**What the exercise asks:** Go through the records underneath and count the lines that include the string "Century". Give nothing but the number.

====== Data in this exercise ======

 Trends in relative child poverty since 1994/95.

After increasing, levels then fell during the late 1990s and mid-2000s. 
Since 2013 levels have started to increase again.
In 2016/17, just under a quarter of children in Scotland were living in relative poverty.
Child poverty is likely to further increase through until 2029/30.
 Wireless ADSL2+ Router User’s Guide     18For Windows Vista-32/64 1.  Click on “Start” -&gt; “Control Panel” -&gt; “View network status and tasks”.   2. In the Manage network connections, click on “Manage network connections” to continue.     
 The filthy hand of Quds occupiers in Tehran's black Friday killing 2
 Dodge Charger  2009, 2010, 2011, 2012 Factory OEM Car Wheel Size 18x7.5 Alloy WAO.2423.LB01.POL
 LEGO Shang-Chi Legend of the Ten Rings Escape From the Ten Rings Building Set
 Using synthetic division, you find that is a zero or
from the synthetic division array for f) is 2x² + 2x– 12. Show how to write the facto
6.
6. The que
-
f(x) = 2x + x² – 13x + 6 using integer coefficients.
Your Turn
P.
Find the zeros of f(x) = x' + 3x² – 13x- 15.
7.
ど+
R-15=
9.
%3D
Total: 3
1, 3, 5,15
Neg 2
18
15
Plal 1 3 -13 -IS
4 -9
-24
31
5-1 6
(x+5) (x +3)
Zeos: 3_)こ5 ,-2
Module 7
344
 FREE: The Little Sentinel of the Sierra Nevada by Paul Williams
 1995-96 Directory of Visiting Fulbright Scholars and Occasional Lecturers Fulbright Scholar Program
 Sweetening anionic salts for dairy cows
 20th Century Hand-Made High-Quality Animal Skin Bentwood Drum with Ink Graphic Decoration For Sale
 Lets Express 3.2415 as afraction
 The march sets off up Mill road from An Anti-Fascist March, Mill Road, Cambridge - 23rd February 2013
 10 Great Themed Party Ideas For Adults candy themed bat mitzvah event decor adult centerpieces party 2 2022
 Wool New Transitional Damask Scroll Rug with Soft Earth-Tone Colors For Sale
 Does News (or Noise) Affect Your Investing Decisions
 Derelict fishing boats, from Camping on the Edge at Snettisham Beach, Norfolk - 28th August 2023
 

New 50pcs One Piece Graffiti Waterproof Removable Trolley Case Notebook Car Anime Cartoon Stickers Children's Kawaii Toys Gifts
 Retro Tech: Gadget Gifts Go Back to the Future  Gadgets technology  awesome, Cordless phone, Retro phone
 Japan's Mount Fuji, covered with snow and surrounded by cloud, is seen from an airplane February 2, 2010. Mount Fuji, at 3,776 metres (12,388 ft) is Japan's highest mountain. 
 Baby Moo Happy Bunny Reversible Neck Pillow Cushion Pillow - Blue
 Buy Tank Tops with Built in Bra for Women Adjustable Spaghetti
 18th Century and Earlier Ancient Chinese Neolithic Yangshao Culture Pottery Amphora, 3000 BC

======

**Answer section:** 2